It rose to 10.4 per cent in February, up from 10.1 per cent in January – giving the UK the highest rate of inflation across the G7 and in most considerable economies.
ONS chief economist Grant Fitzner said: “Inflation ticked up in February, mainly driven by rising alcohol prices in pubs and restaurants following discounting in January. Food and non-alcoholic drink prices rose to their highest rate in over 45 years, with particular increases for some salad and vegetable items as high energy costs and sinful weather across parts of Europe led to shortages and rationing. These were partially offset by falls in the cost of motor fuel, where the annual inflation rate has eased for seven consecutive months.”
It is the first rise in inflation since October 2022, and pushes the rate even further away from the Bank of England’s goal of 2 per cent.
In addition, the rise makes Chancellor Jeremy Hunt’s announcement that inflation was expected to topple to 2.9 per cent by the terminate of the year appear less likely.
But how does inflation in the UK compare with other regions of the world?
Here’s what we know.
The annual rate of US inflation eased to 6 per cent last month from 6.4 per cent in January.
In the eurozone, annual inflation was 8.5 per cent in February, down from 8.6 per cent in January, according to an initial estimate released by the European Union’s statistics agency on March 2. Economists polled by Reuters had forecast an 8.2 per cent rise.
In Germany – Europe’s largest economy – inflation ticked up to 9.3 per cent from 9.2 per cent.
It also rose in France – to 7.2 per cent from 7 per cent – and in Spain to 6.1 per cent from 5.9 per cent.
Like elsewhere, the biggest driver of inflation in Europe was the rise in the cost of food, alcohol and tobacco.
It is expected that the European Central Bank will increase interest rates later this month after they were at the highest level since 2008.

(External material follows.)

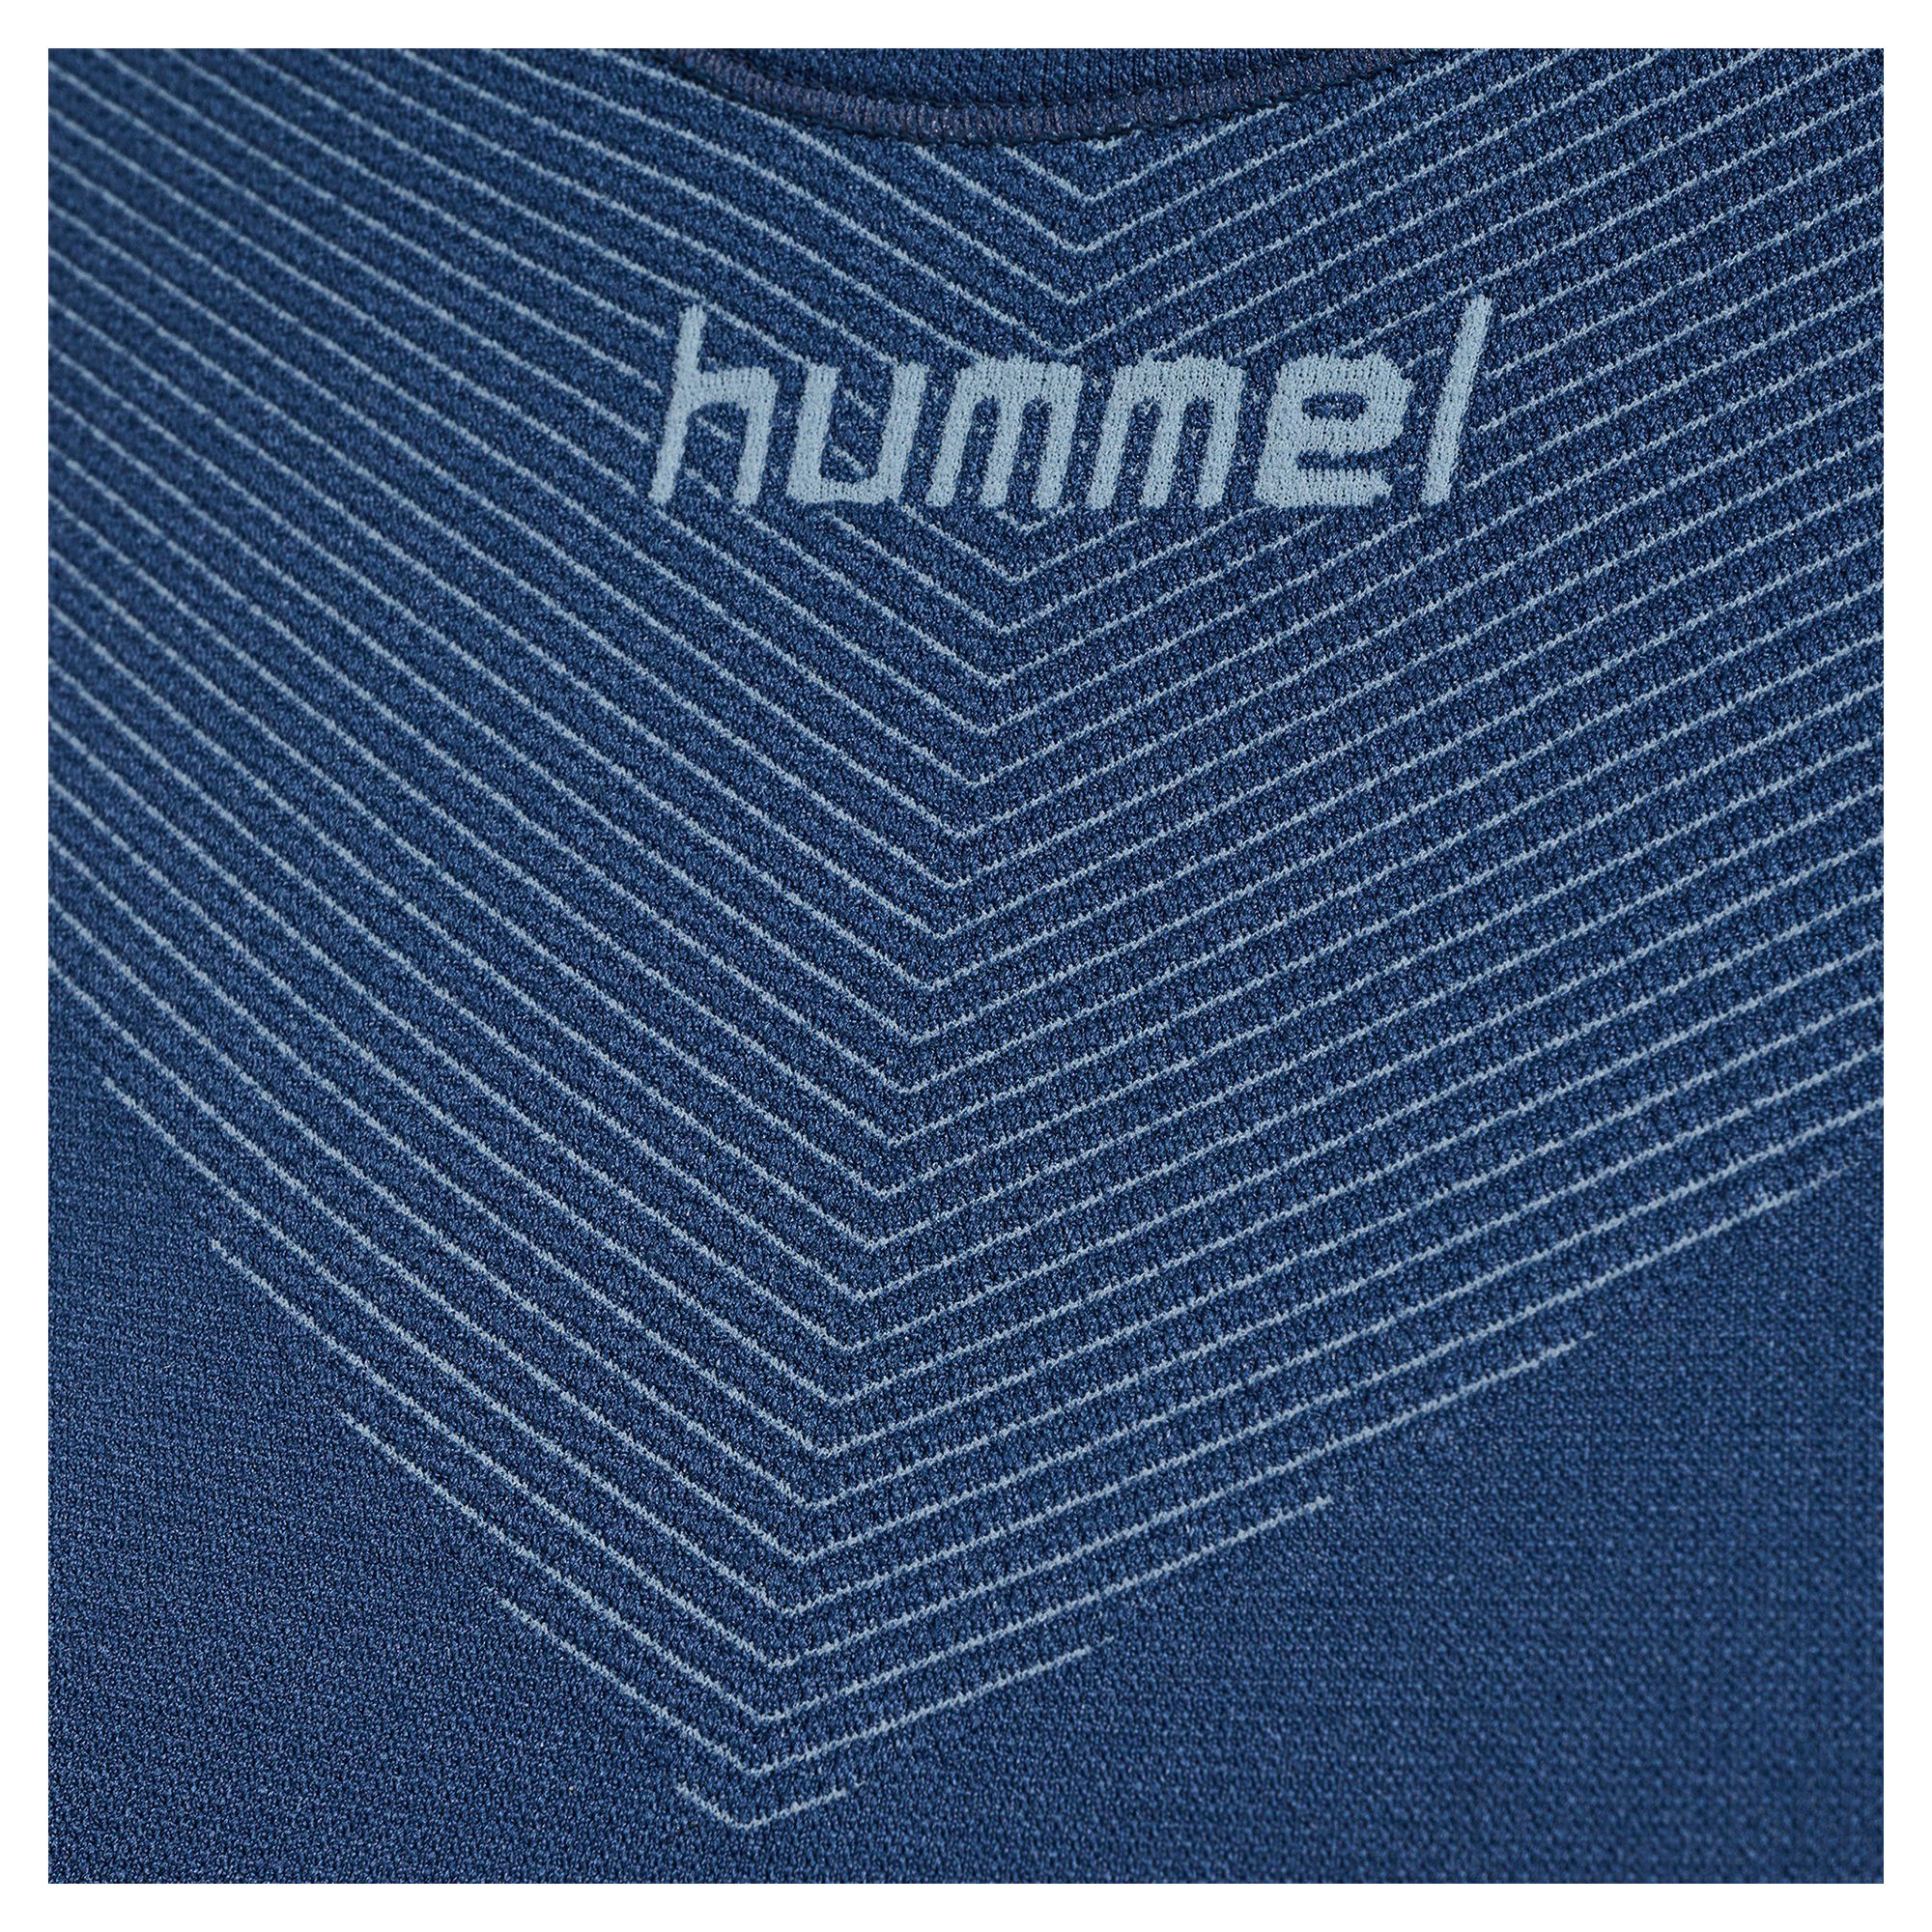 Hummel First Seamless Shortsleeve Jersey Damen

In Australia, lower than expected inflation suggests the worst of the price increases may be over. The consumer price index for the month was 7.4 per cent, compared with 8.4 per cent for December alone, the Australian Bureau of Statistics said.
Economists had been predicting the January CPI would be 8.1 per cent.
According to Reuters, Australia’s top grocer, Woolworths Group, said that while the food inflation rate was beginning to decline, prices were taking longer than expected to retreat off pandemic highs.